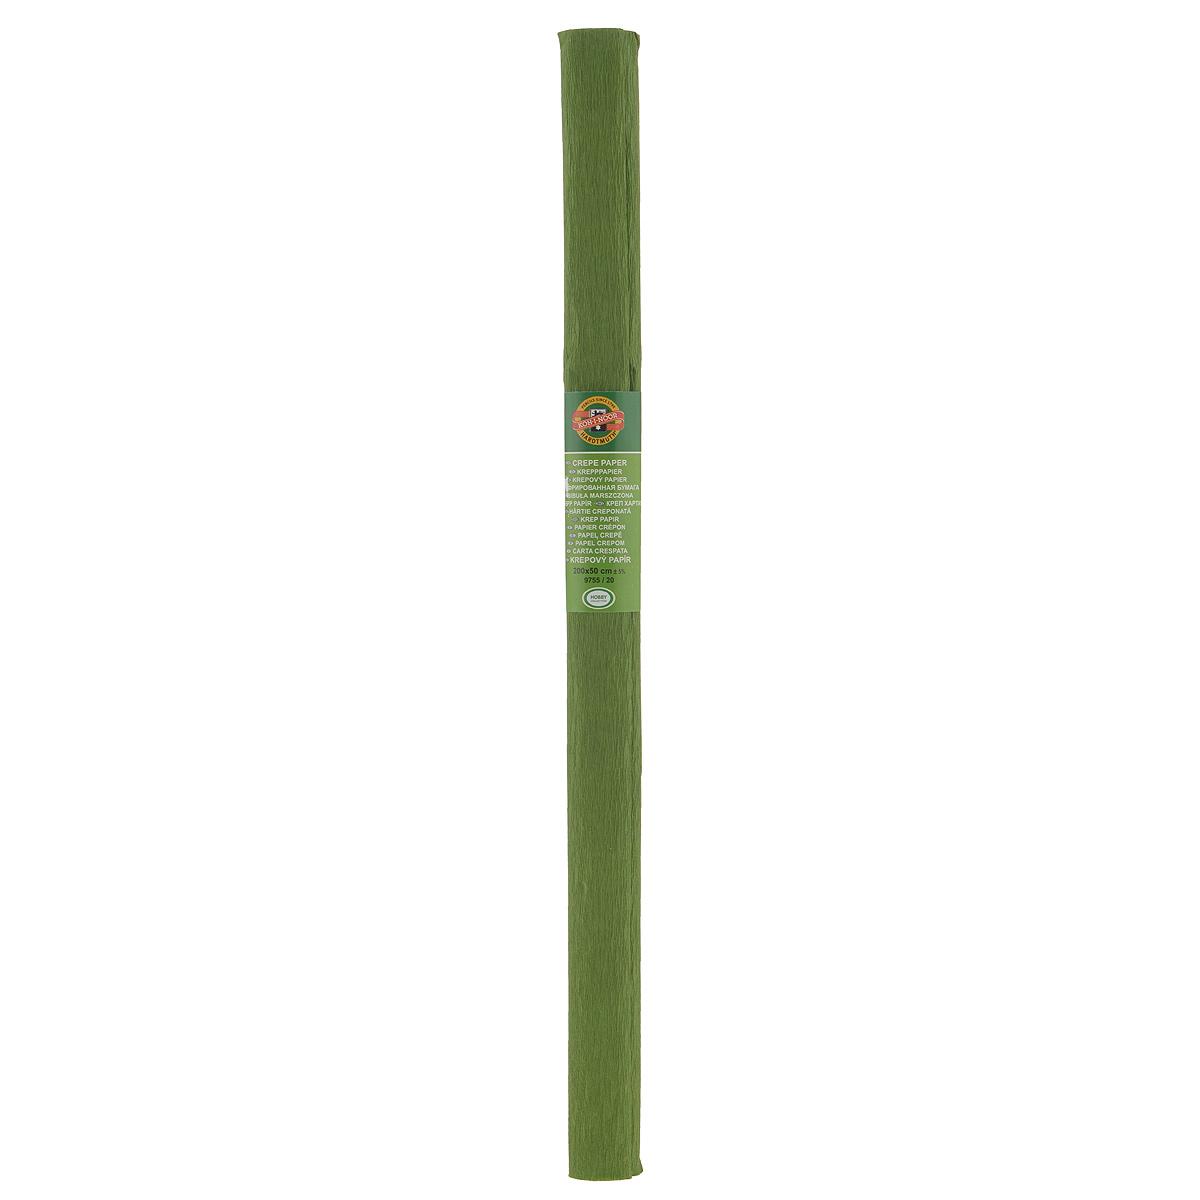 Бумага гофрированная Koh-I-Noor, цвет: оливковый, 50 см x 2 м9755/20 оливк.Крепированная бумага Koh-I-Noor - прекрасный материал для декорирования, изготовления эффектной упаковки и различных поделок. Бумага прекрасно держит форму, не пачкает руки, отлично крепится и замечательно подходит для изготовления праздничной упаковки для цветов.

---

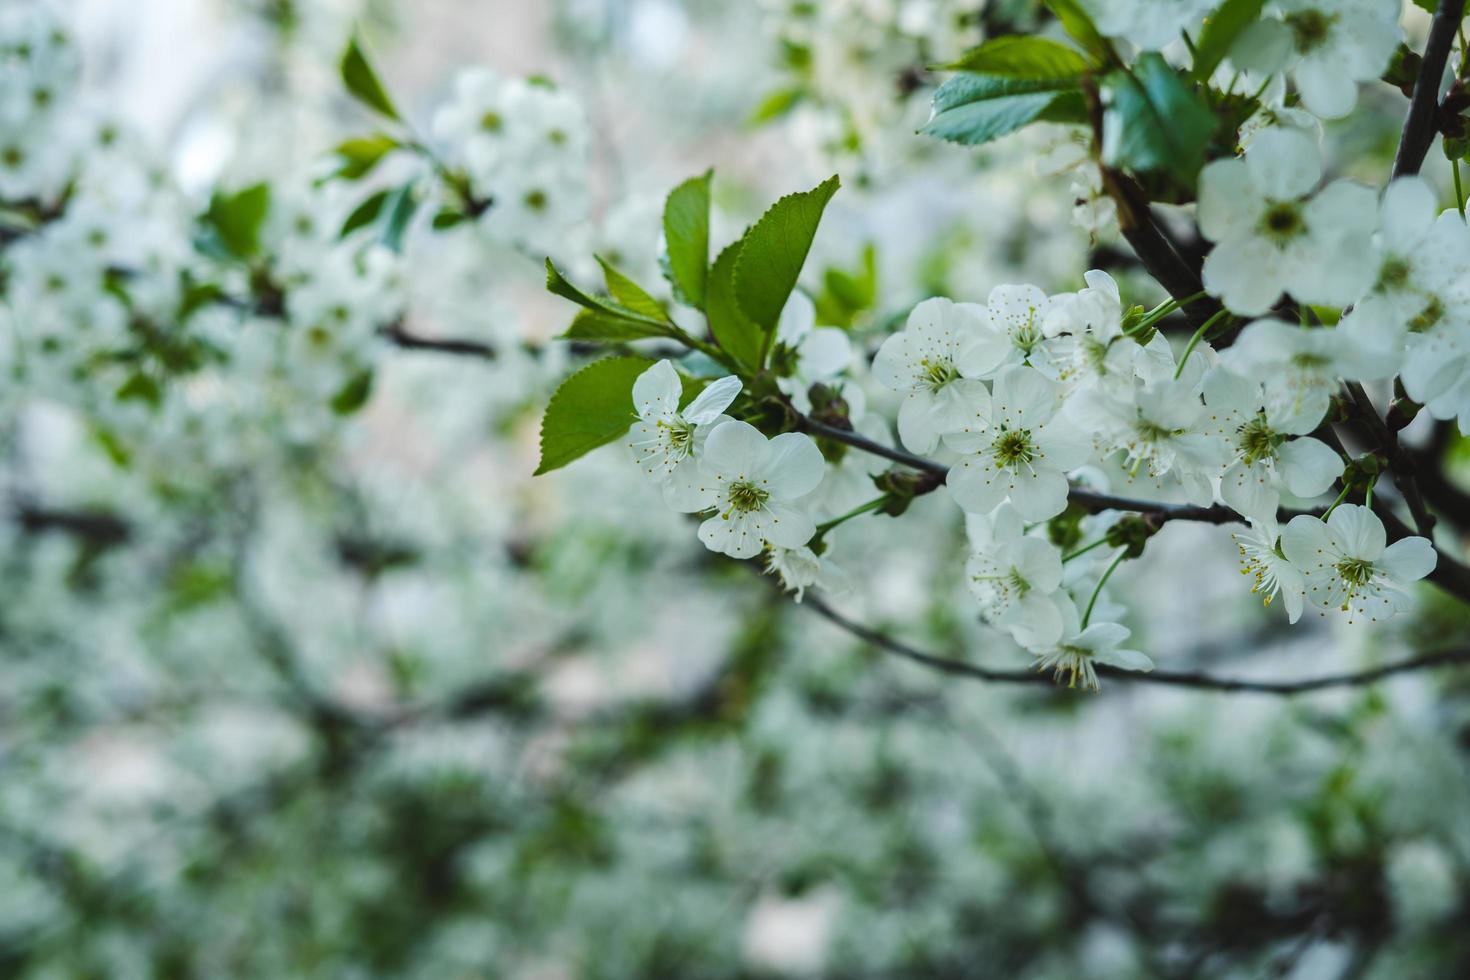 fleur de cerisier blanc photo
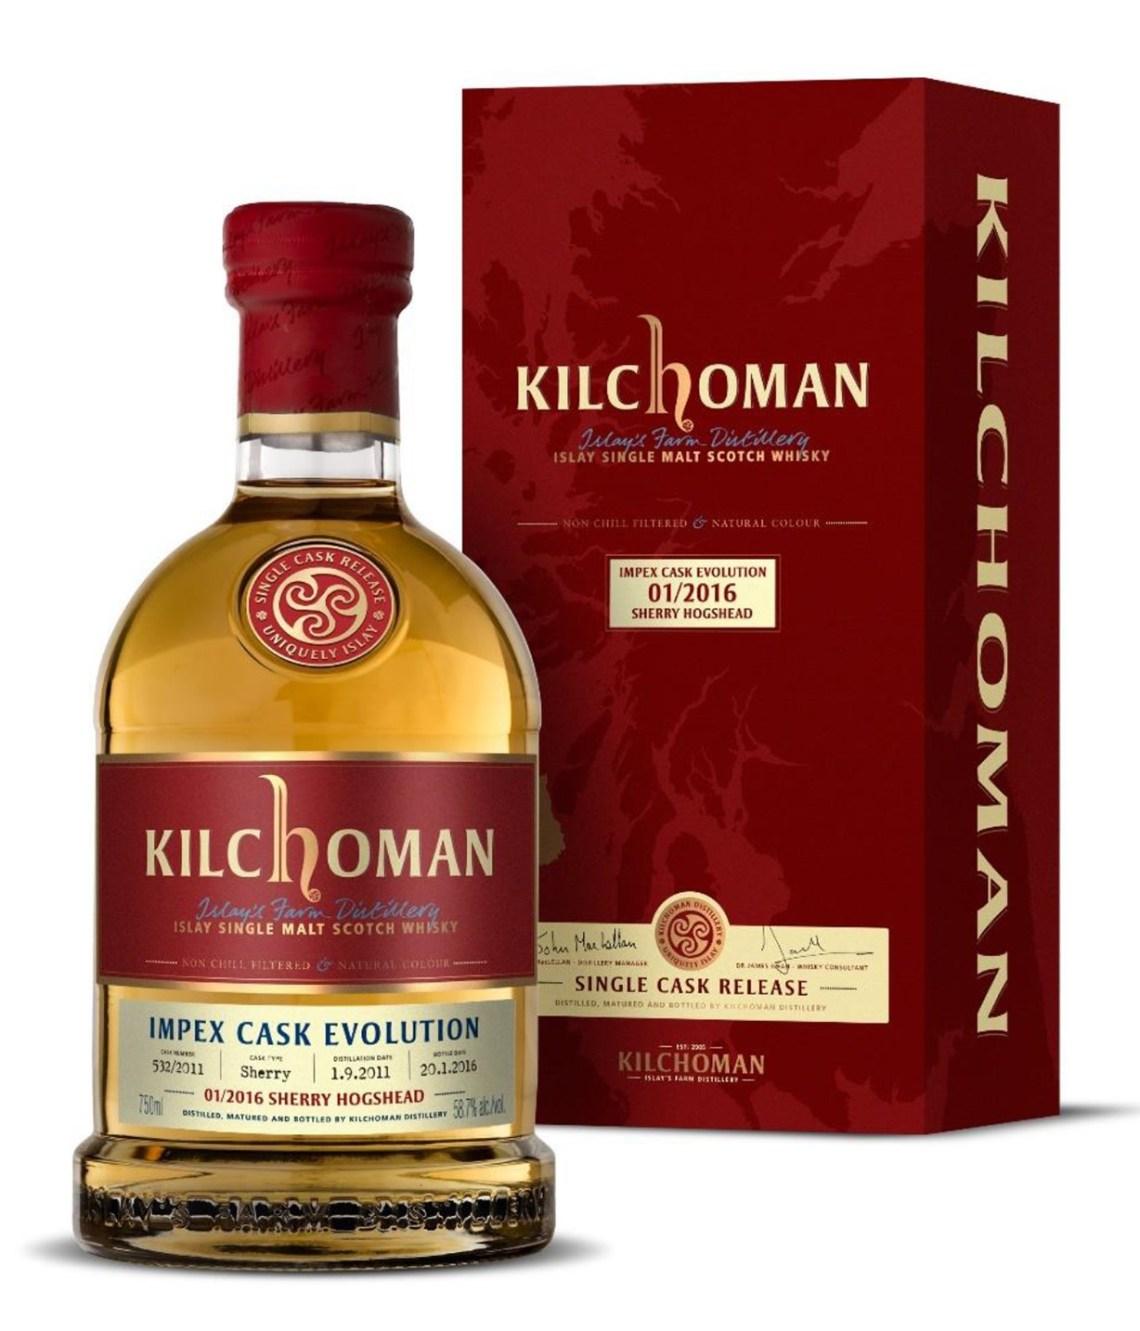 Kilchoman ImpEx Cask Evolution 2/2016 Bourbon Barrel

▶ [Task directions] Give again the stretch of the entries above that begins at the line with "fleur de cerisier blanc photo" and ends at the line with "Kilchoman ImpEx Cask", word for word, with no pictures.

▶ [Finished exercise]
 fleur de cerisier blanc photo
 Kilchoman ImpEx Cask Evolution 2/2016 Bourbon Barrel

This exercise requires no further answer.